Debt swaps work, but come with risks
Environmental debt swaps aren’t new, and trace their roots to legislation passed by the US Congress in 1989 that tasked the US Agency for International Development to work with nonprofit groups on rainforest conservation-based debt swaps as a means of helping Latin American countries manage a debt crisis. Since then, European countries and Canada have also engaged in various debt-for-forests swaps over the years.
On the whole, the programs seem to have worked. According to a 2018 analysis by Stockholm University economists, since 1990, debt-for-nature swaps globally have raised at least $900 million for conservation, erased nearly $3 billion in debt in at least 21 low- and middle-income countries, and resulted in statistically significant reductions in deforestation. And so far, there have been no defaults on these deals, TNC’s Kaiser said. Although the pace has slowed considerably since the 1990s, new debt swaps continue to trickle out, most recently in Pakistan.

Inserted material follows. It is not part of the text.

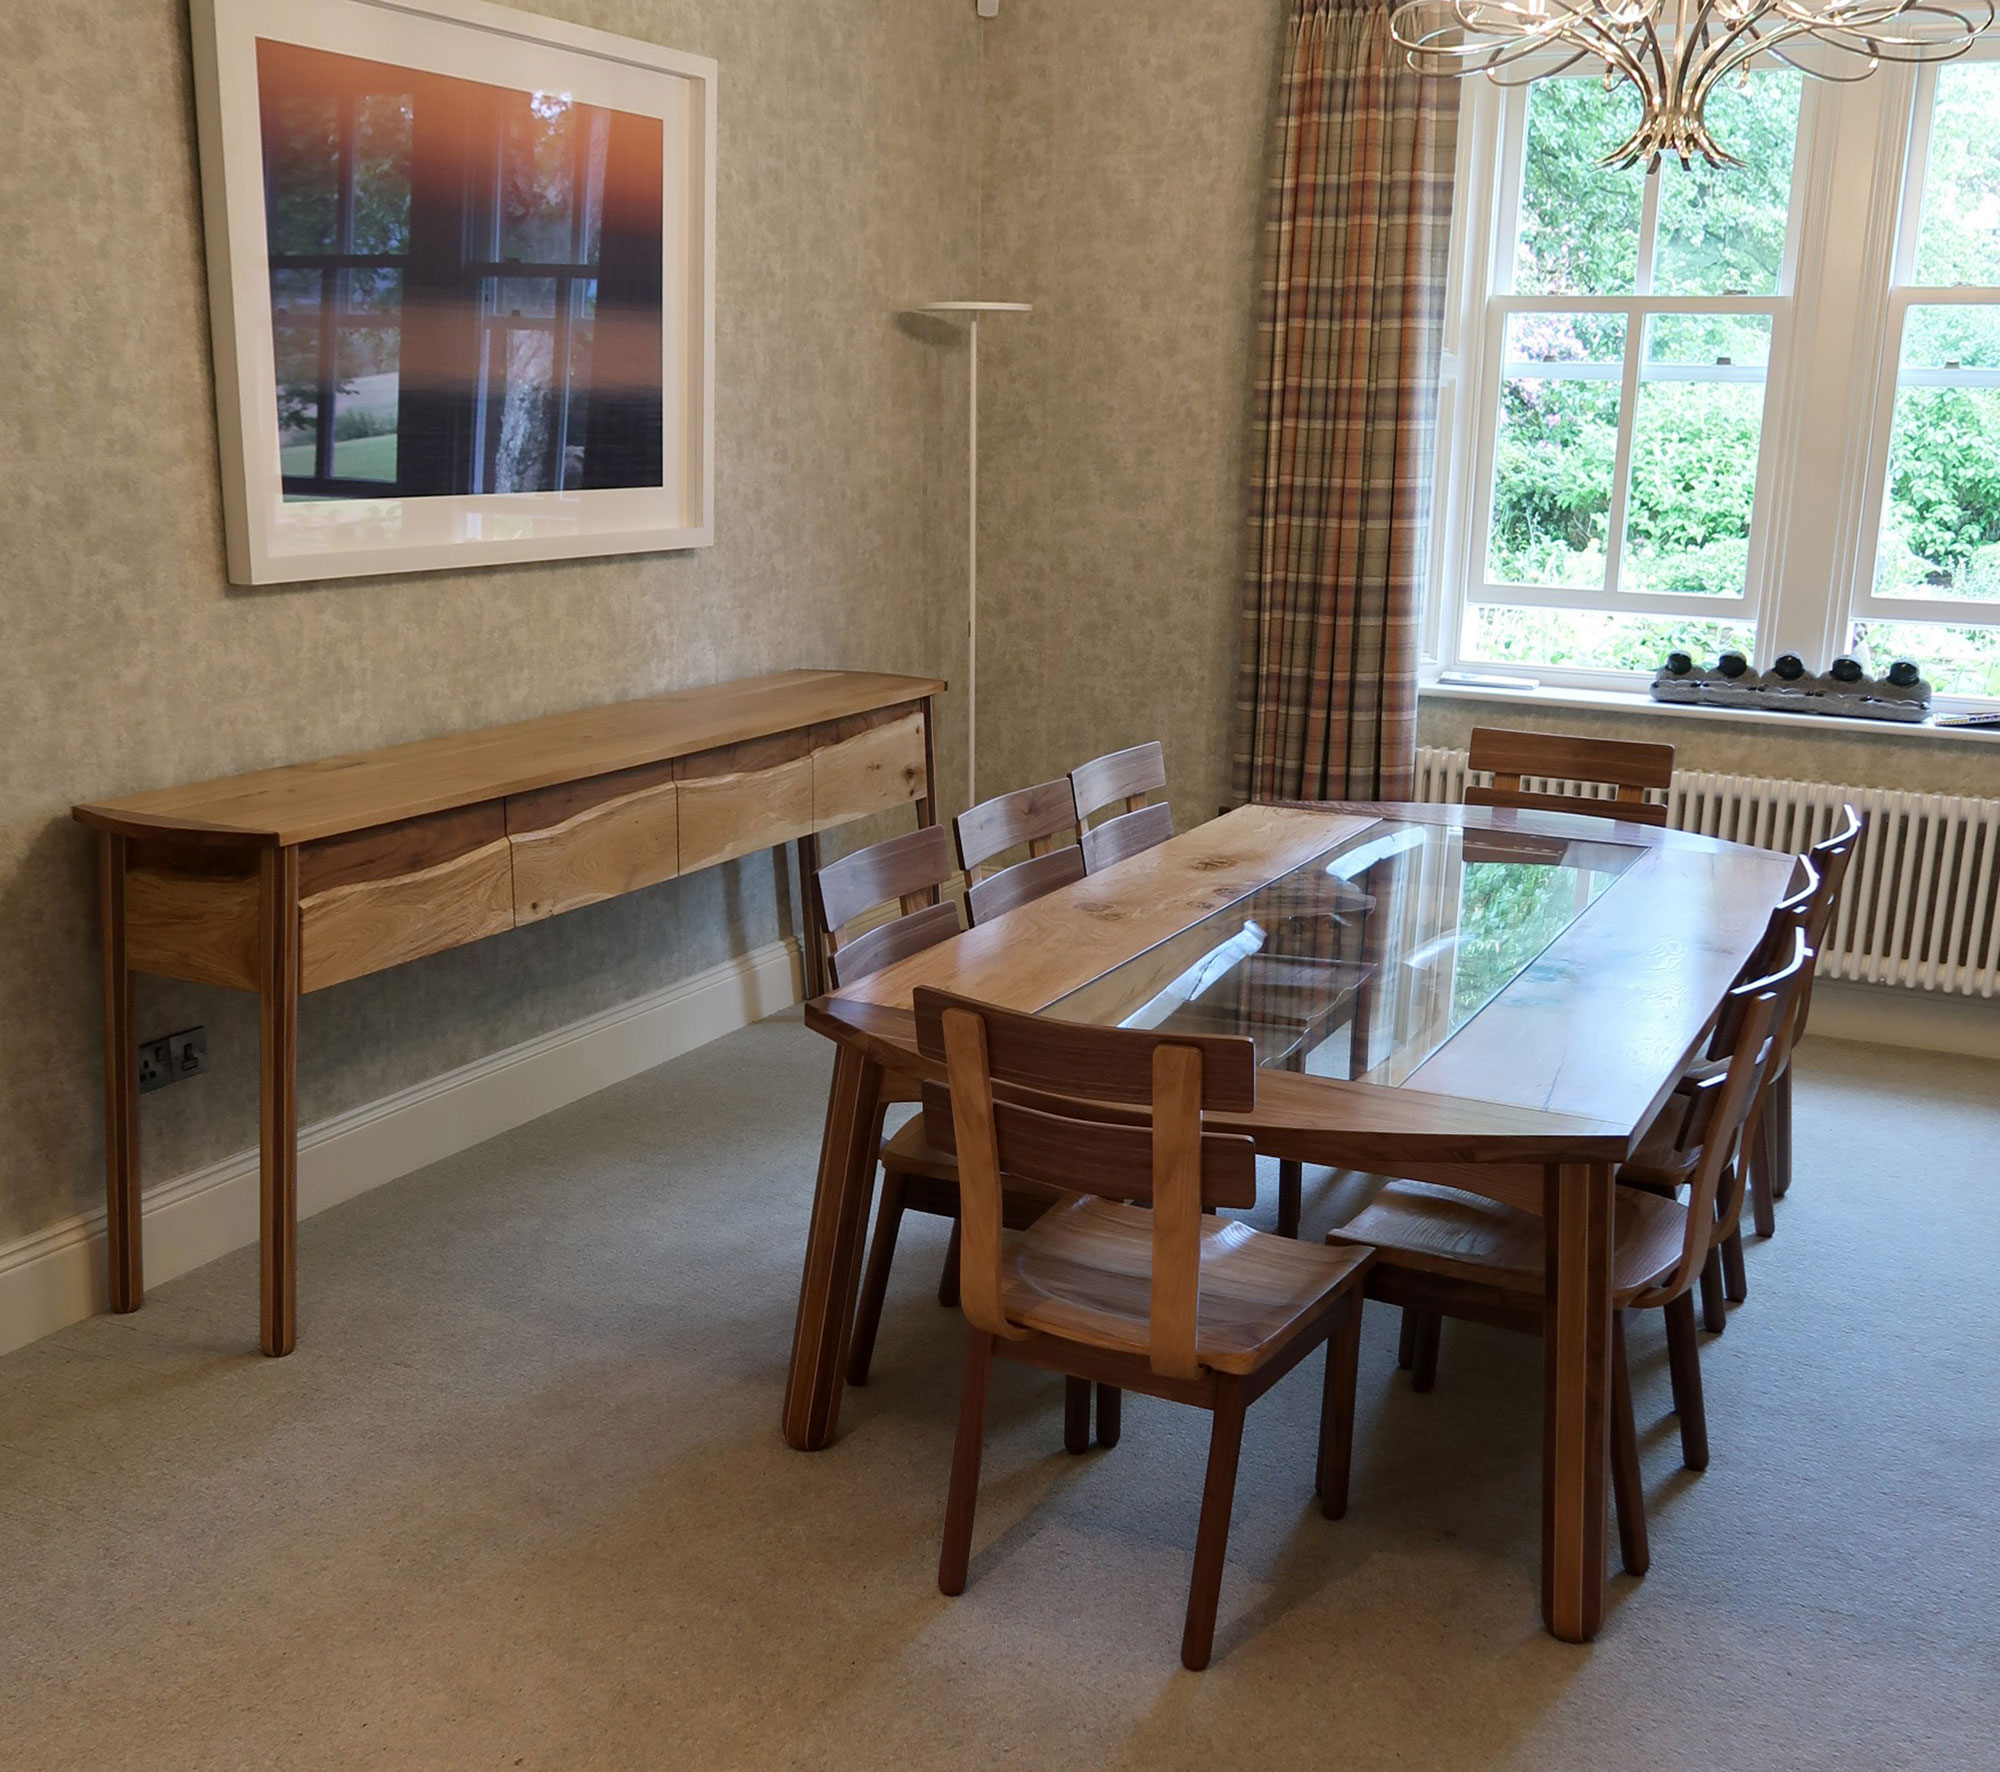 Dining Set - Live Cumbrian Oak
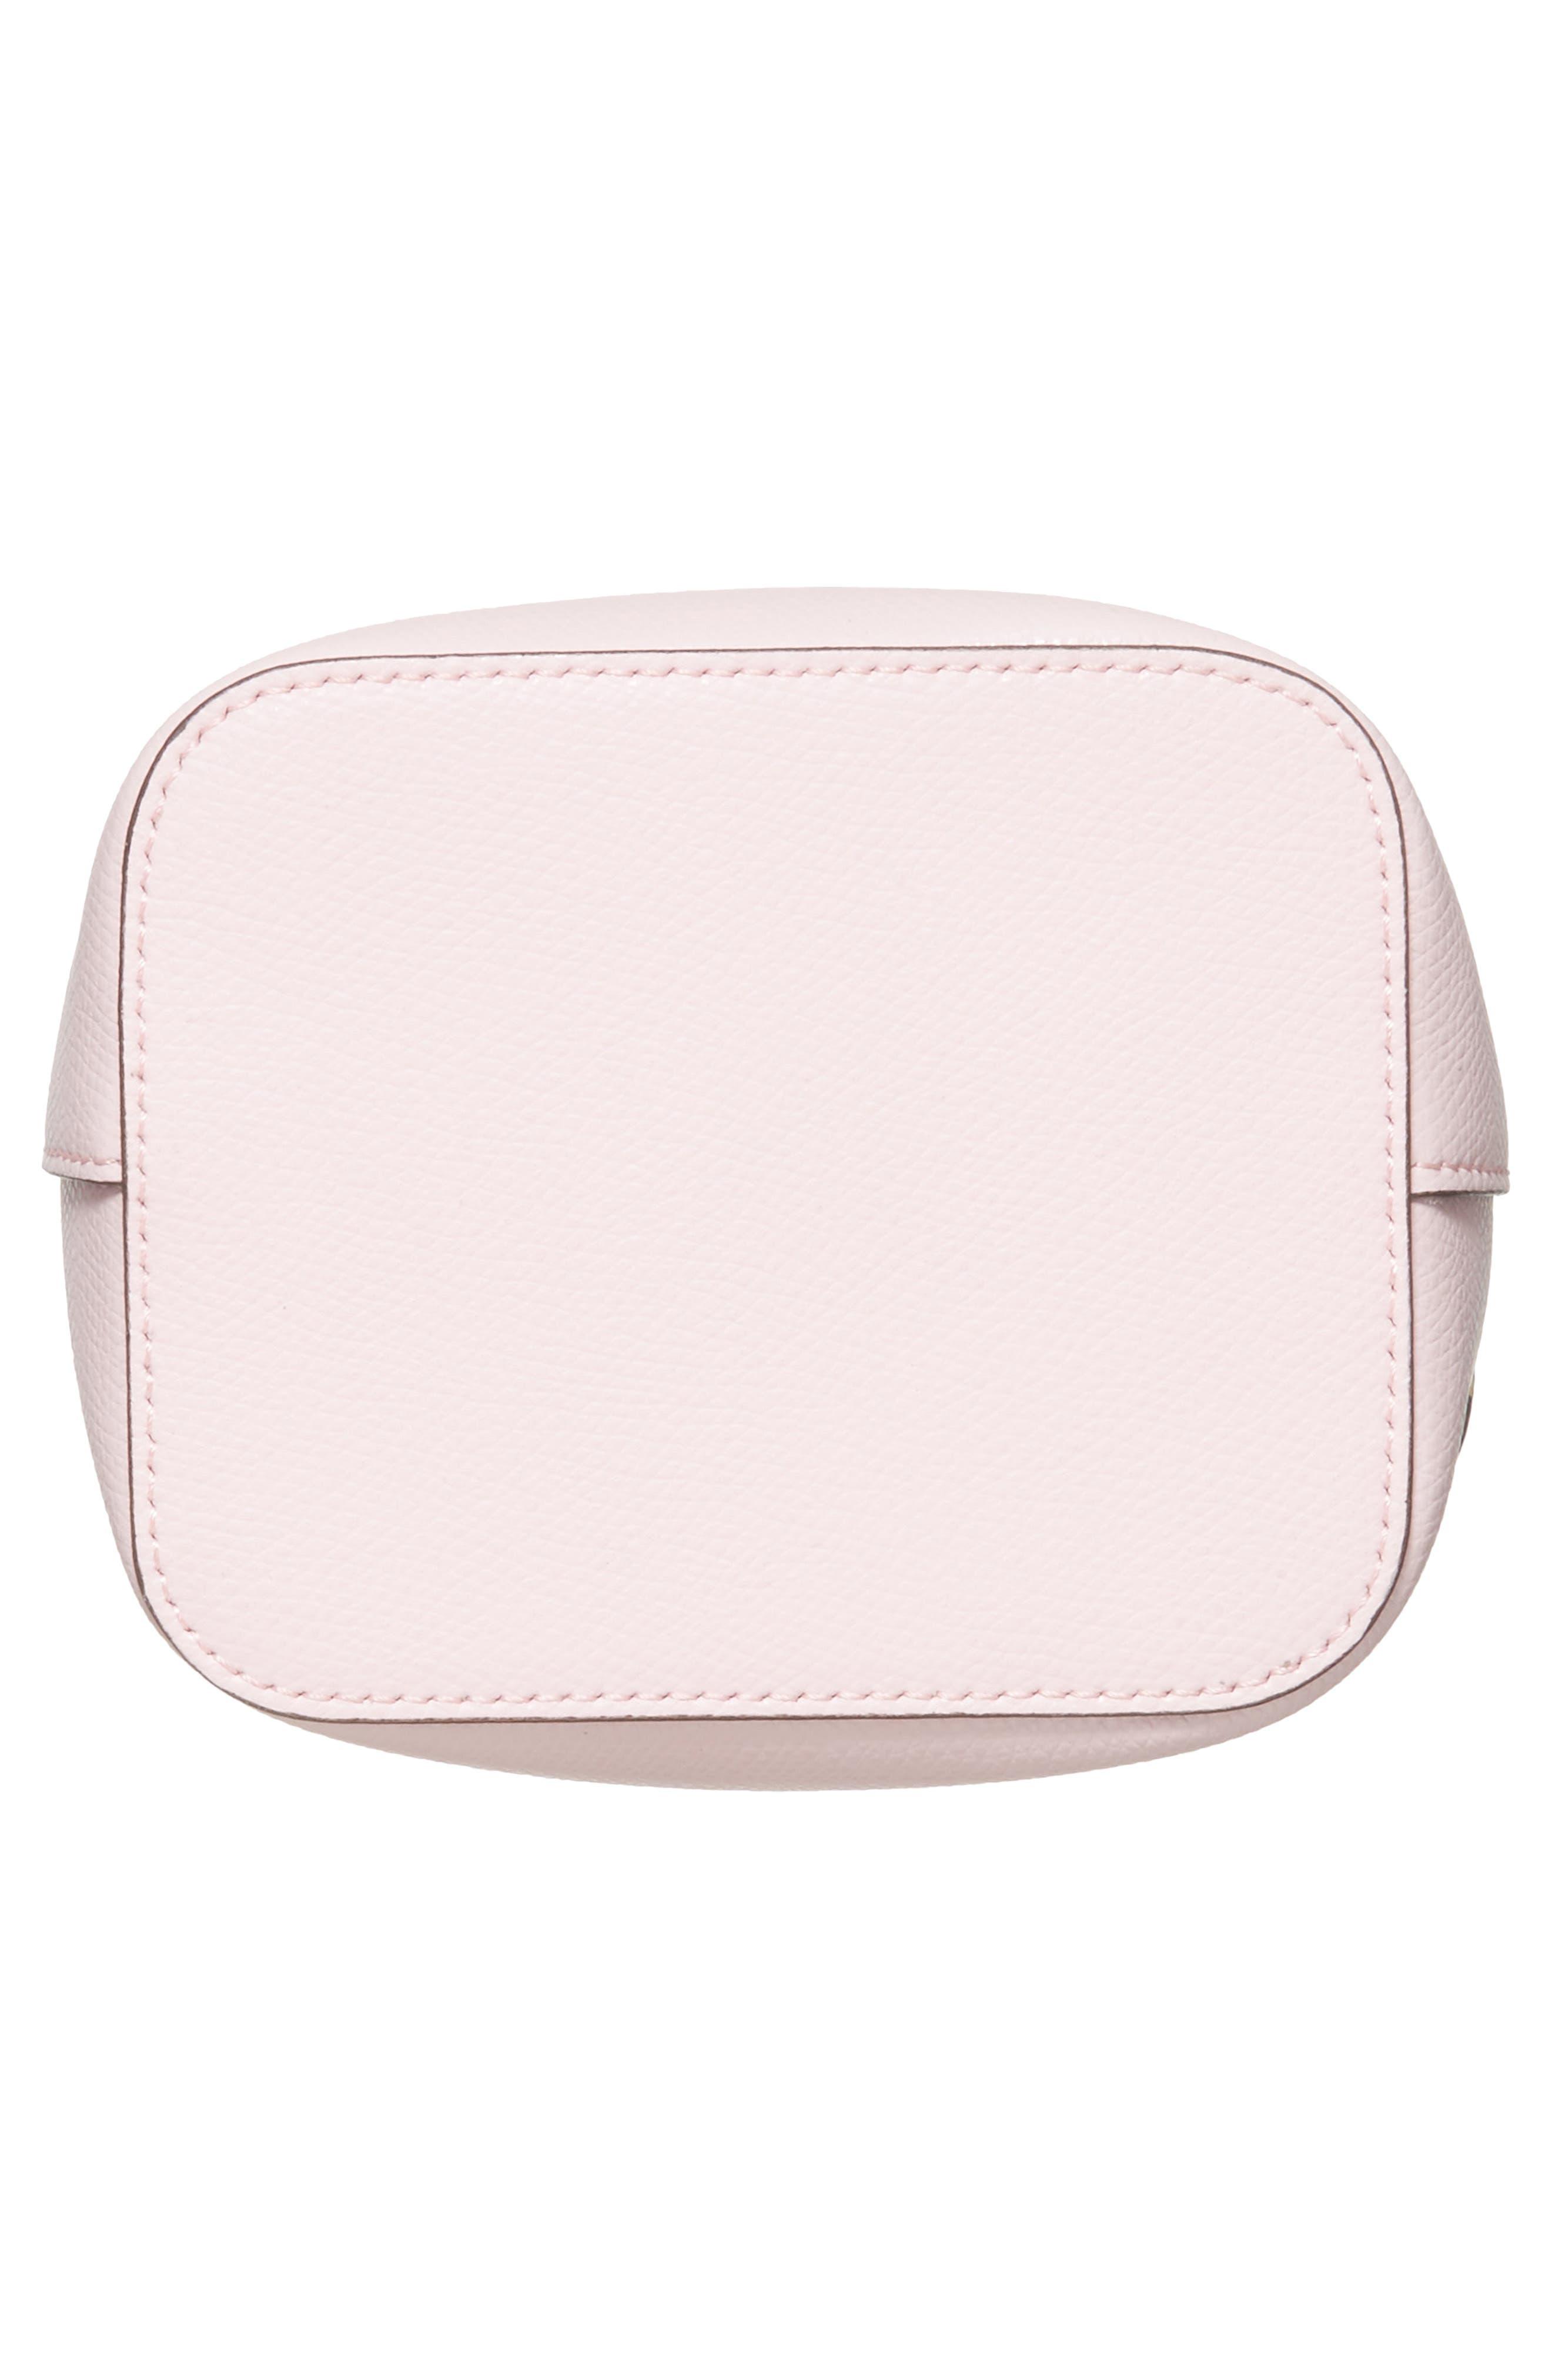 Mini Leather Bucket Bag,                             Alternate thumbnail 12, color,

But Volz said that the scale of previous swaps is not commensurate to the climate crisis, and will need to ramp up considerably in order to make a serious impact. The Seychelles swap, for example, amounted to just a few percentage points of the country’s debt. “All of these have been tiny,” he said. “We’re now facing a situation where tiny debt swaps here or there will not do the trick.”
Debt swaps also carry some risks, both for debtor countries and for the climate, said Shakira Mustapha, a public finance research fellow at the Overseas Development Institute, a UK think tank. For one, they could damage the debtor country’s credit rating in the short term, worsening the problem of access to capital that the swap is meant to fix. And unless they scale up to a much bigger portion of a country’s debt, that may be a risk many finance ministers are unwilling to take.
“These ideas sound great on paper, but they haven’t taken off because of what they mean for market access,” she said.
Then there’s the issue of verification. Although satellite monitoring can help, it’s not easy to confirm whether a country is really hitting its conservation goals. As with the market for nature-based carbon offsets, there’s a serious risk of greenwashing—intentionally or not—if countries claim they are “conserving” forest that was never at risk of being cut down in the first place. The IMF would also need to set rules for what kinds of energy technologies—nuclear plants, for example, or carbon capture systems on natural gas plants—could really qualify as “green.”
Still, the sovereign debt crisis is a big enough worry on its own that new solutions are badly needed, Mustapha says. And for the IMF to frame debt swaps as a form of climate action could be what persuades China, the US, and other creditors to sign on in a bigger way.
“The tie to climate change is what matters to developed countries right now,” she said. “That’s how you’re going to get political support for this.”